For over forty years of my engineering career I focused my work on the design, analysis, and manufacture of logging equipment, and various industrial overhead lifting systems. Therefore, I can appreciate the engineering that has gone into the vertebral columns of fast-running mammals like the gazelle and the cheetah. These animals rely on speed and agility for survival. Slower mammals like the elephant do not have the same requirements for speed and agility, so their vertebral columns have been designed with a much larger proportion of the backbone concentrated in the thoracic region. In contrast, gazelles, cheetahs and other similar mammals have longer lumbar vertebrae that are built for flexibility.

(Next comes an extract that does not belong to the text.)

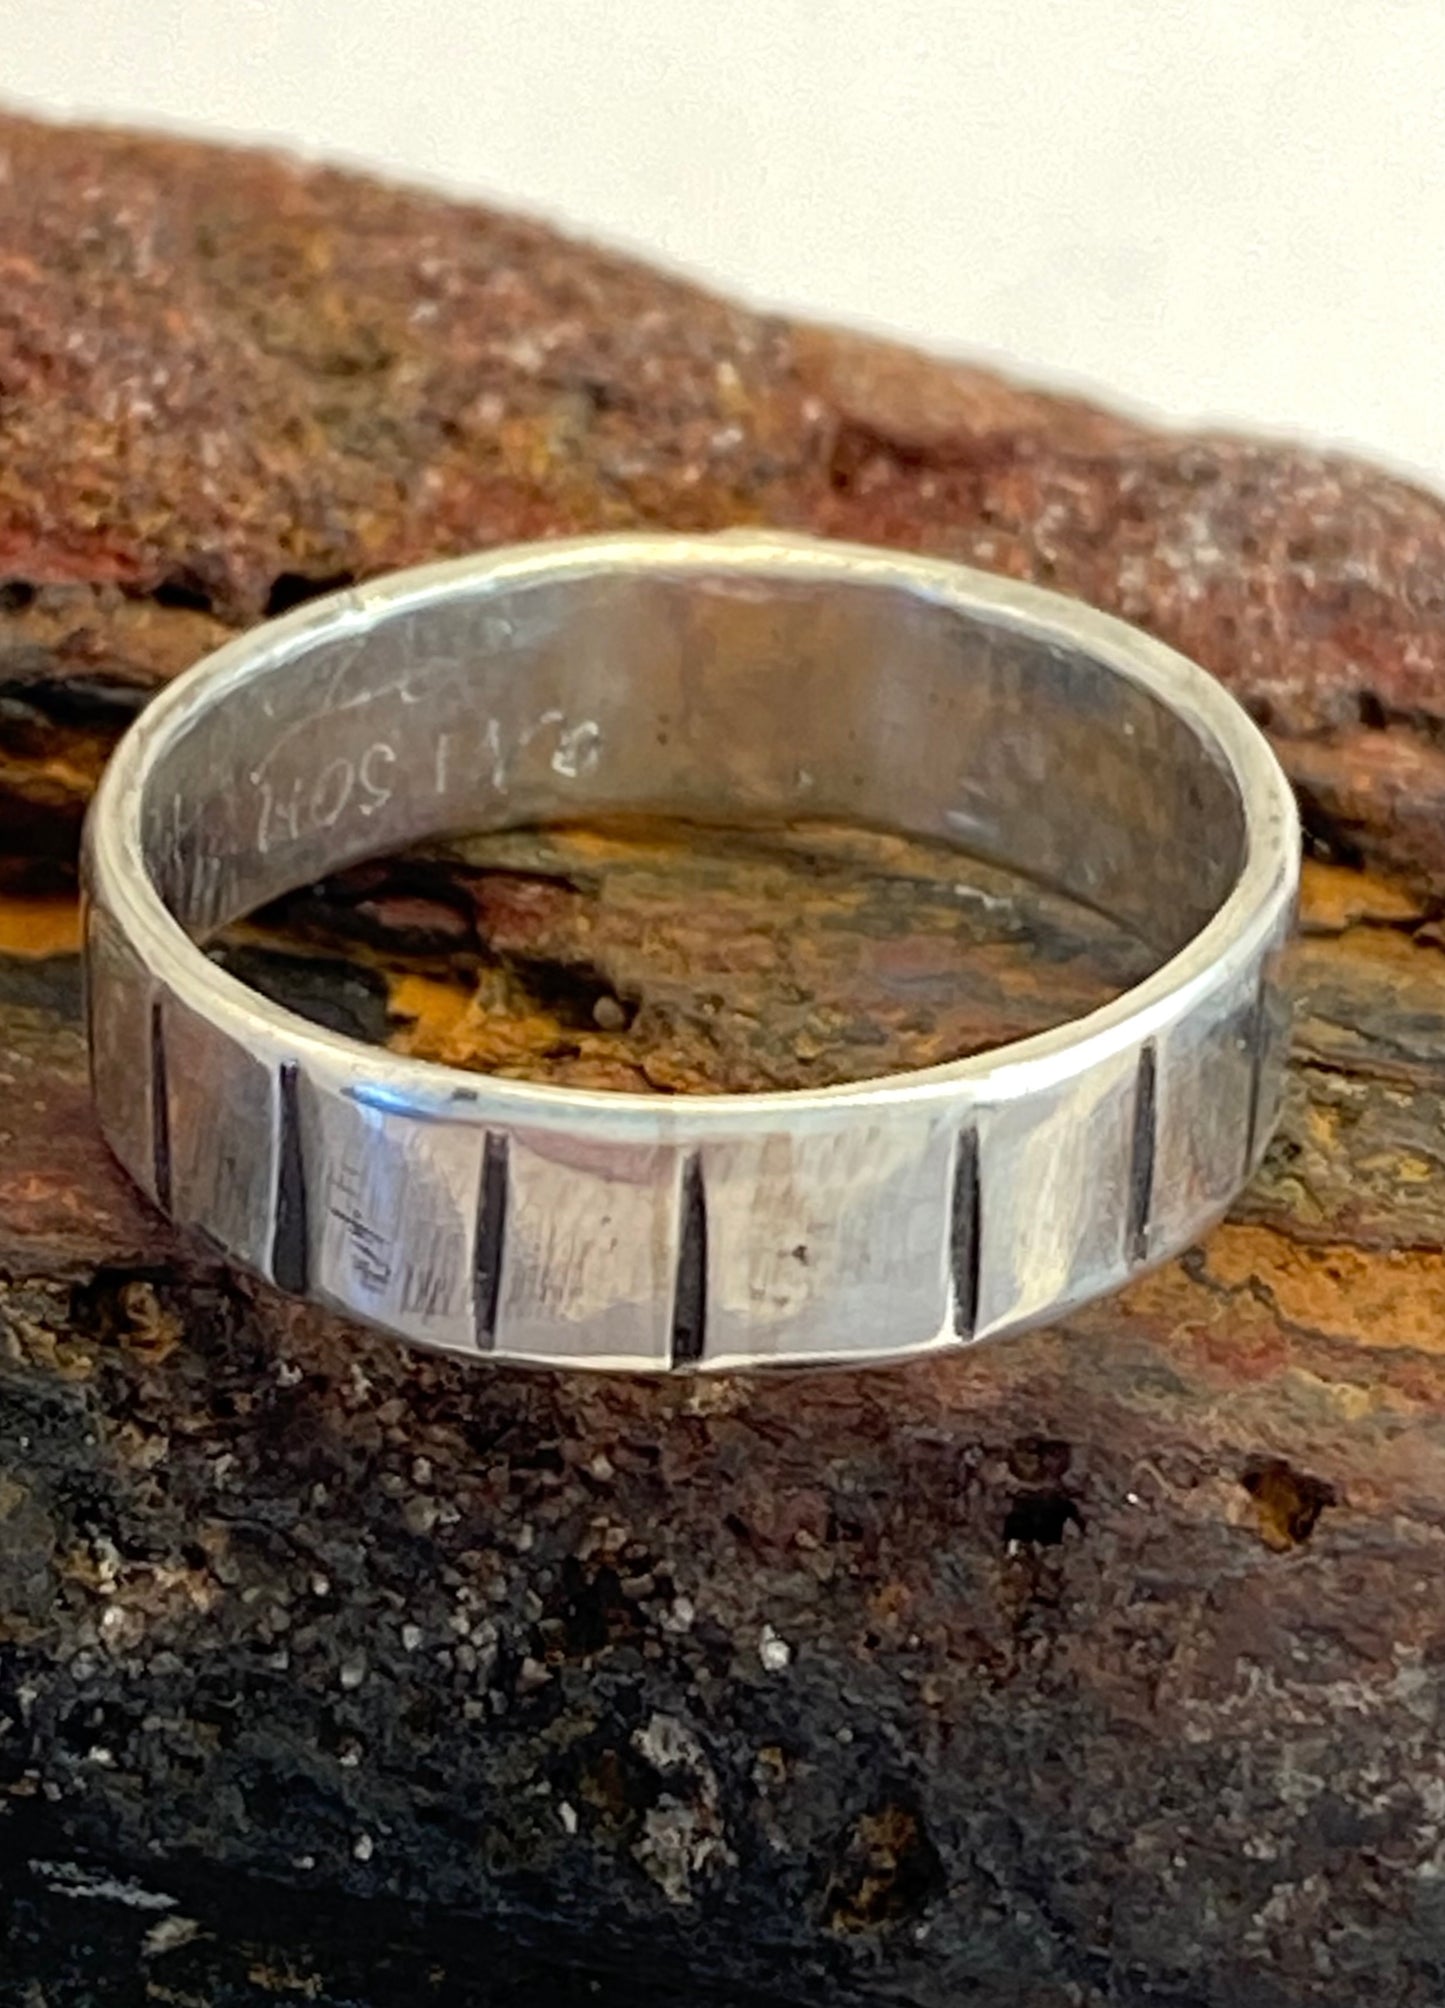      This one-of-a-kind sterling silver ring is adorned with a 14k gold disk and a stamped line pattern around the band.      Ring size 6-14.  Band is 3/16" wide.     Style: rustic, boho, funky, organic, earthy yet elegant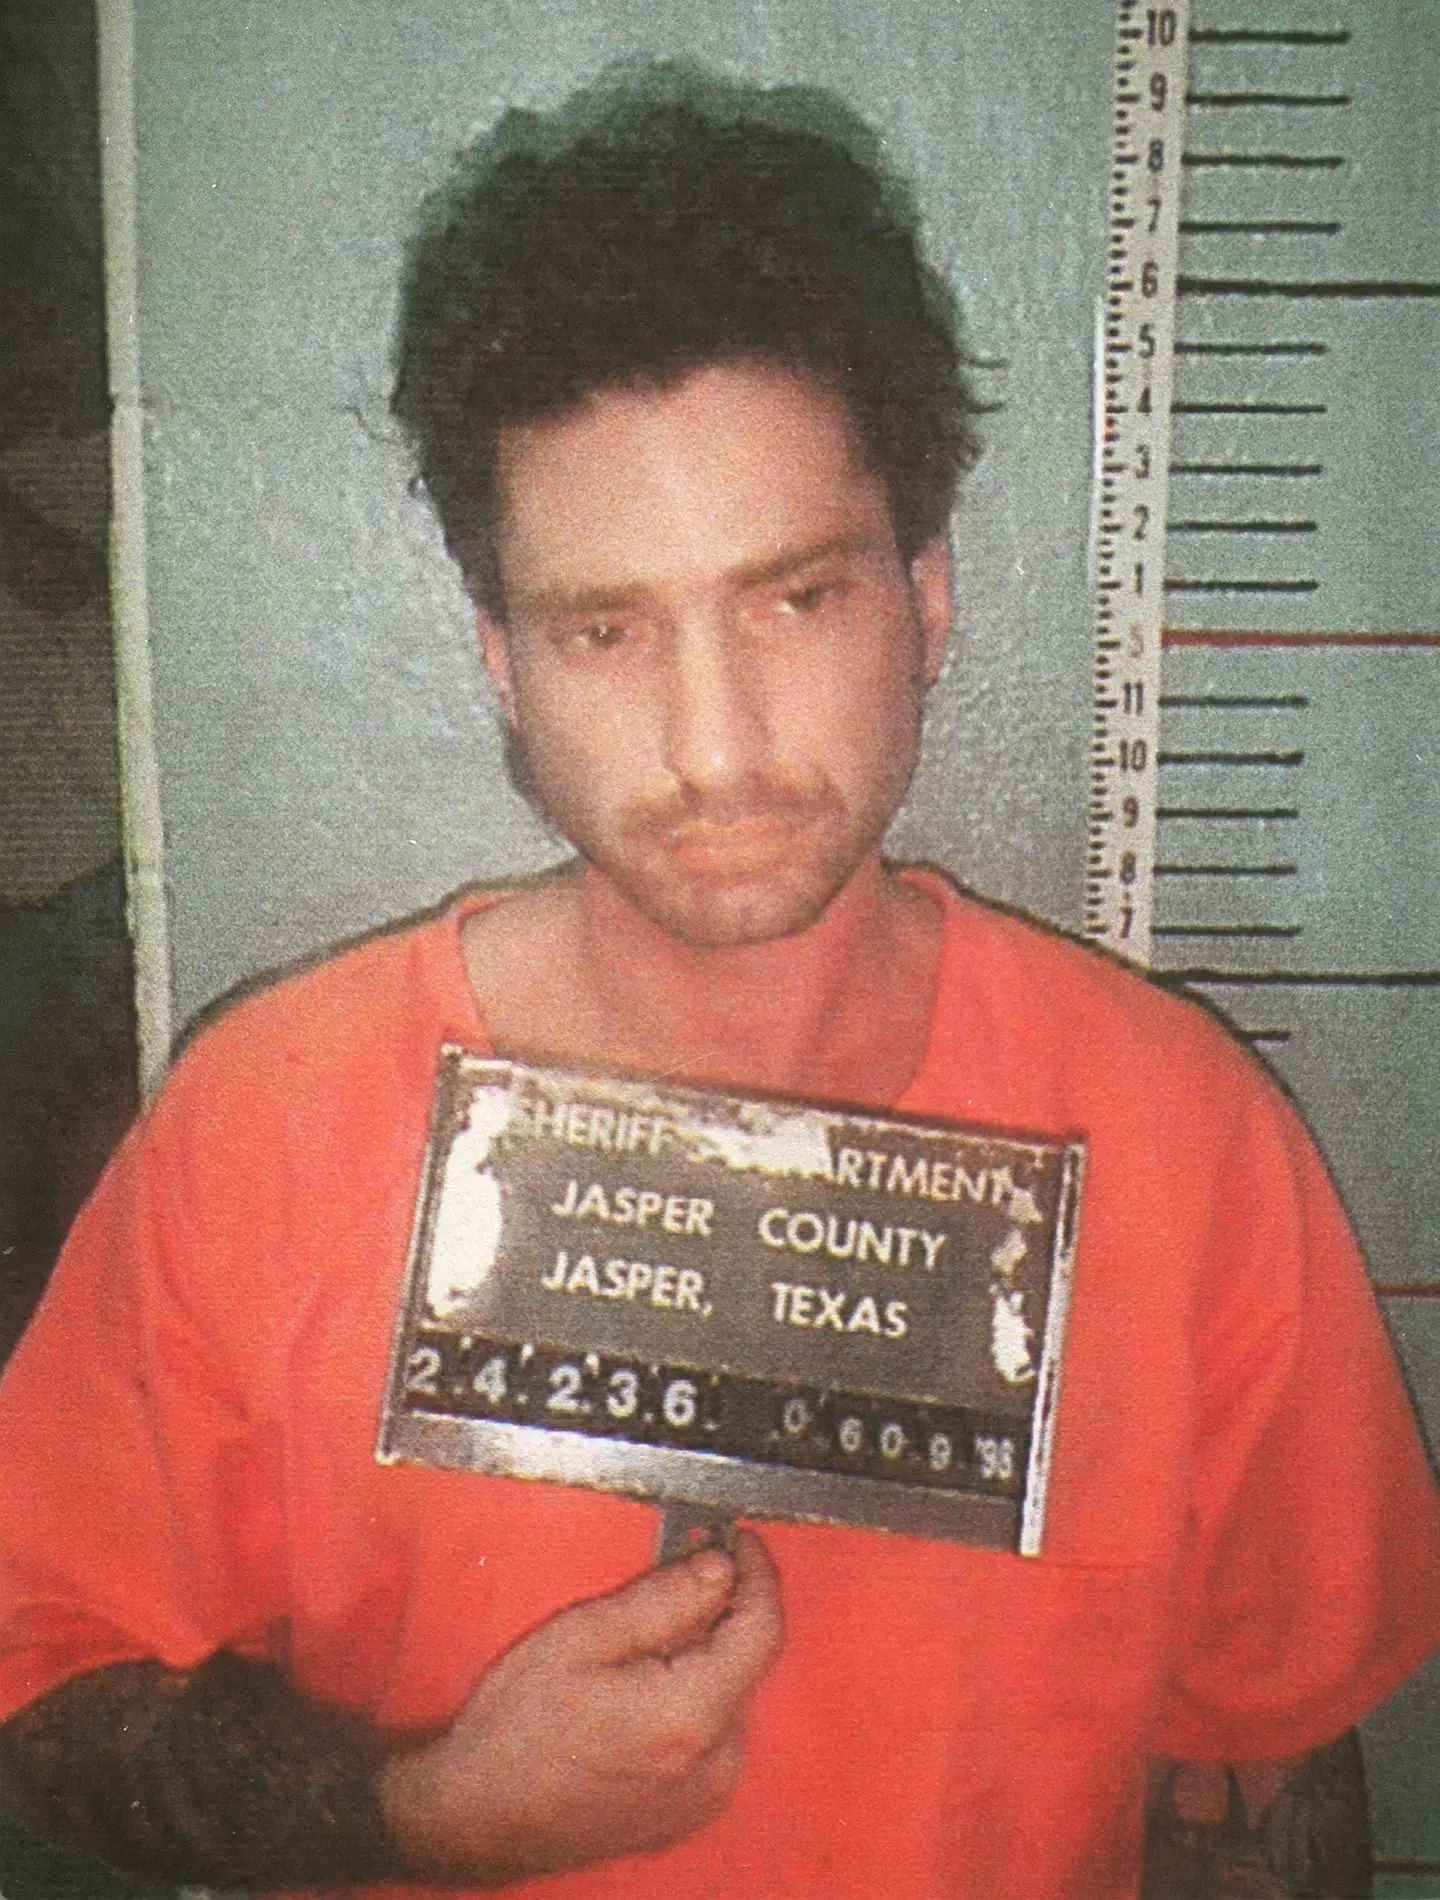 Lawrence Russell Brewer was executed for the murder of James Byrd Jr.

This vertebral design is necessary if the gazelle, the cheetah, and other similar types are going to be able to attain the speeds and agility required to survive. The image below shows the extent of the flexibility in the back bone attained by a cheetah when at full speed.

I think that these biomechanical concepts demonstrate that animals in the present world that depend on speed will need to maintain that capability since their survival depends on it. My expectation is that most of this capability was provided by the Creator, but that the original designs also allowed for some adaptation by the animals to changing environments over time.

When we consider the present-day conflict between the prey and the predator, we are reminded of the truth of the consequences of the rebellion of Adam that has led to the present survival-of-the-fittest world. Both the gazelle and the cheetah were originally designed to eat plants only and there was no conflict. After the fall, caused by the actions of man, everything has changed. Thankfully, the Creator God has sent a Redeemer for all of those who are willing to accept Him as Lord and Savior. We can now look forward to the time of the promised new earth when we can expect gazelles and cheetahs will run peacefully at full speed together according to the Creator’s original intent.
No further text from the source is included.